The following is the complete text of the remarks Prepared for Mike Duke President and CEO, Walmart for the2010 Shareholders Meeting. Although Mr Duke does not speak directly to Private Brands his ambitious vision for the Walmart of the future, pricing transparency and his company’s social consciousness should be read by retailers everywhere.

“Next Generation Walmart”
Friday, June 4, 2010

“If we work together … we’ll lower the cost of living for everyone. We’ll give the world an opportunity to see what it’s like to save and have a better life.”

Sam Walton said those words almost 20 years ago. Isn’t it amazing that he could see that far ahead? At that time, we weren’t even in all 50 states.

But Sam understood the power of our model. He understood the strength of our mission. And he understood people and their common aspirations everywhere. Whether a family is sitting around a kitchen table in Guangdong, Guatemala, or my home state of Georgia, they all want a better life.

The question for each of us almost a generation later: Can we live up to Sam Walton’s global vision? Can we give people around the world the opportunity to save money and live better?

The progress we’ve made around the world is incredible. I think even Sam would be surprised by how far and how fast we’ve come.

Over the last 20 years, we’ve gone from 1,500 stores and 275,000 associates in the U.S. to more than 8,000 stores and clubs and over 2 million associates in 15 countries around the world.

And when it comes to sales growth, I’m amazed by what I’ve seen just since I started at Walmart in 1995. Our international business is larger today than our entire business was then.

Clearly we recognize there’s a business opportunity in the world. We also recognize that the world is changing fast in big, disruptive, complex ways.

So let’s look ahead to 20 years from now.

We will live in a vastly different world. There will be well over a billion more people on the planet. And hundreds of millions of people will rise into the middle class. Energy will cost more. The demand for food will double. Our global economy will be even more connected. Technology will drive all sorts of changes, especially in our industry. And our competitors will be even more nimble and innovative.

These are big challenges. But they’re also big opportunities for those who can get out in front of change.
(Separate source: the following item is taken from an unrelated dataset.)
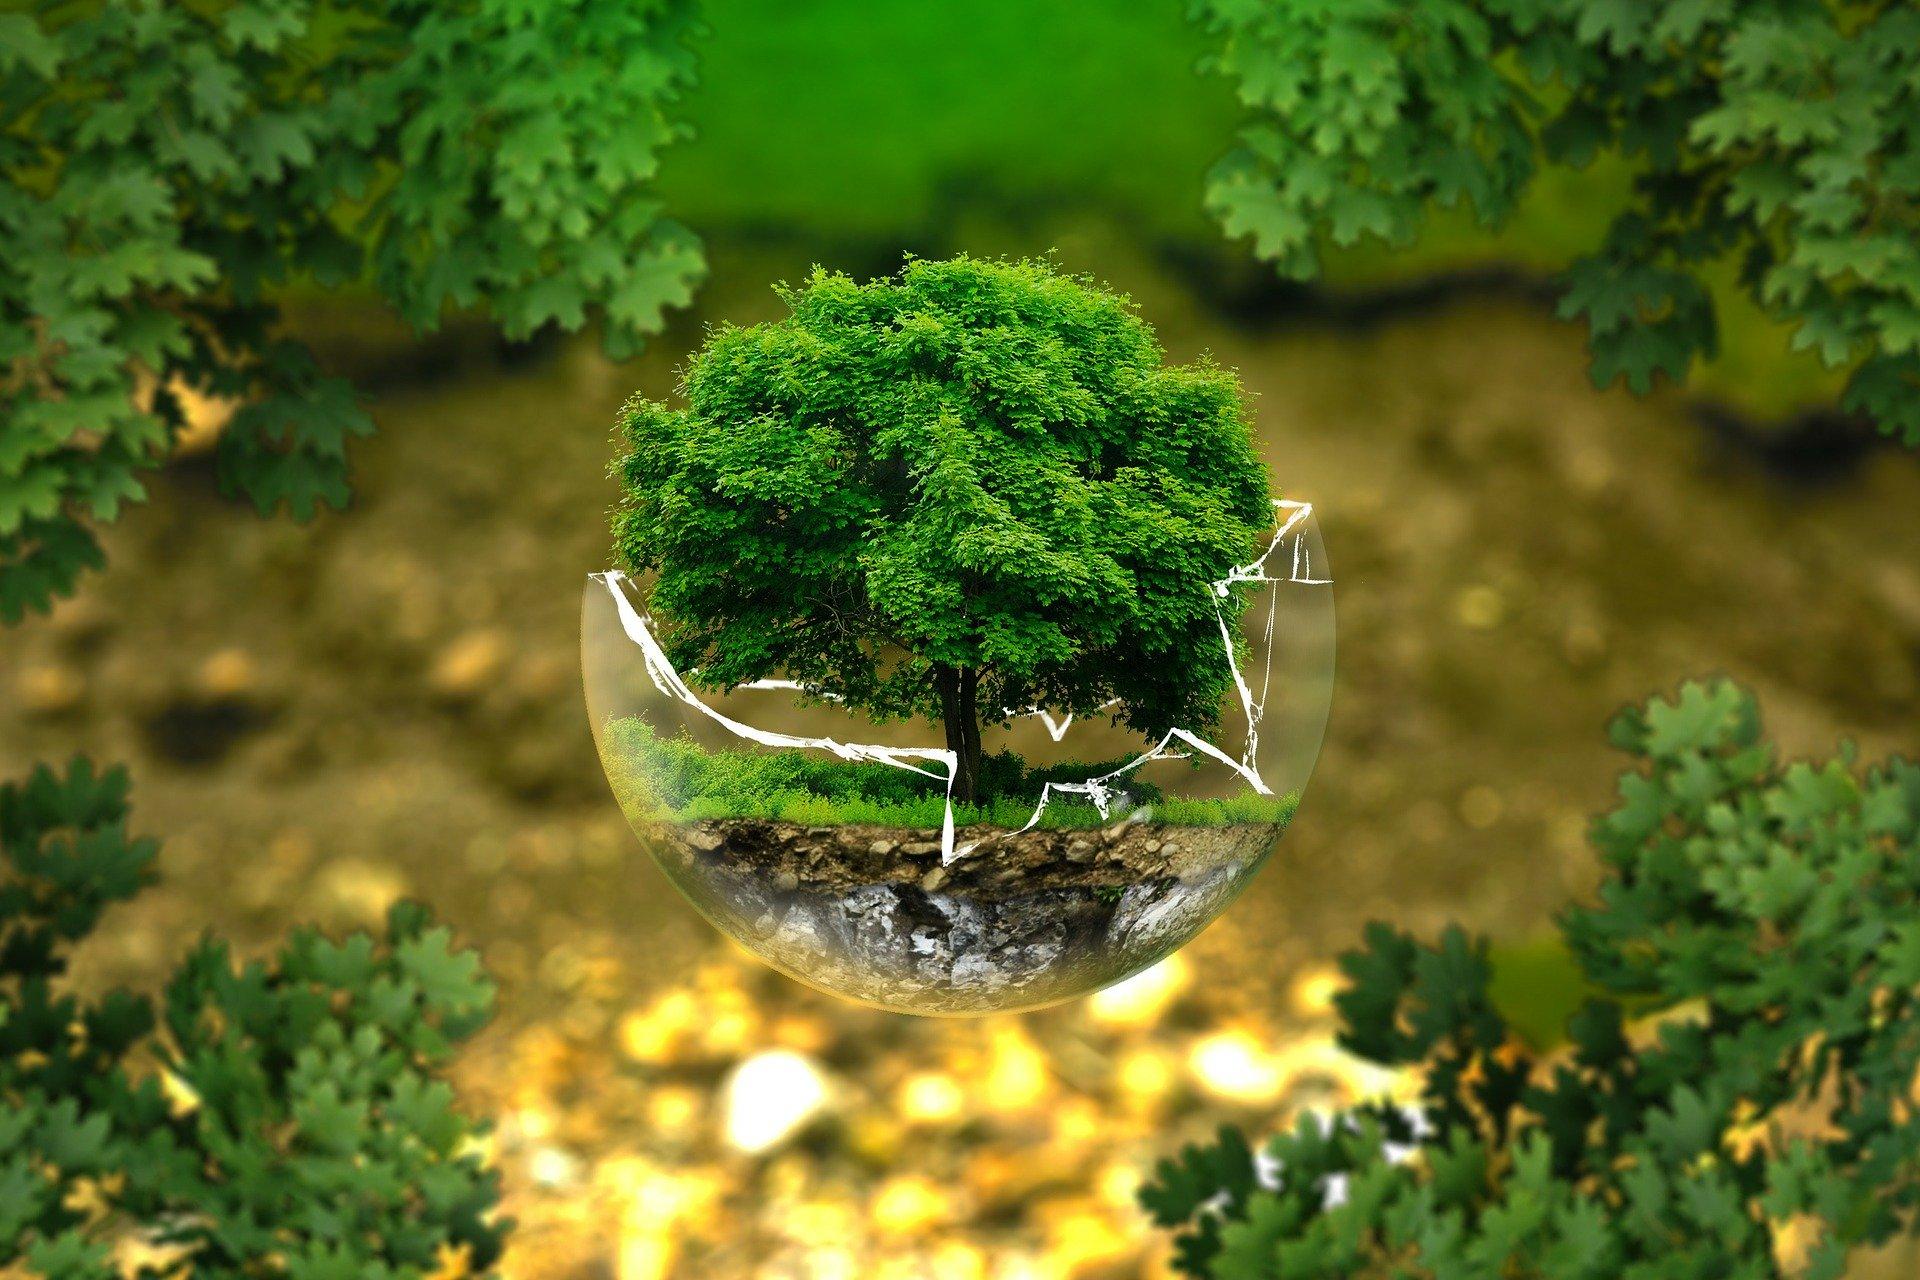 tree in broken glass sphere in forest

Just imagine the role that you and your company can play in the world over the next 20 years.

Think about sourcing hundreds of billions of dollars in new product and what that will do to help create vibrant economies and communities.

Think about giving everyone with a mobile device the platform and information to buy the exact product they want at the absolute best price anywhere in the world.

Think about helping not 200 million customers a week, but what about helping a billion customers a week save money and live better.

These are not just aspirational goals. These are achievable goals. We are poised to live up to Sam Walton’s global vision and build the Next Generation Walmart.

But we need to focus on certain areas to deliver on that vision for our customers, our shareholders, our associates and our world.

I see four priorities. First, we must become a truly global company. Second, we must understand the business challenges that retailers will face and solve them. Third, we need to play an even bigger leadership role on social issues that matter to our customers. And most important, we must do all of this while keeping our culture strong everywhere.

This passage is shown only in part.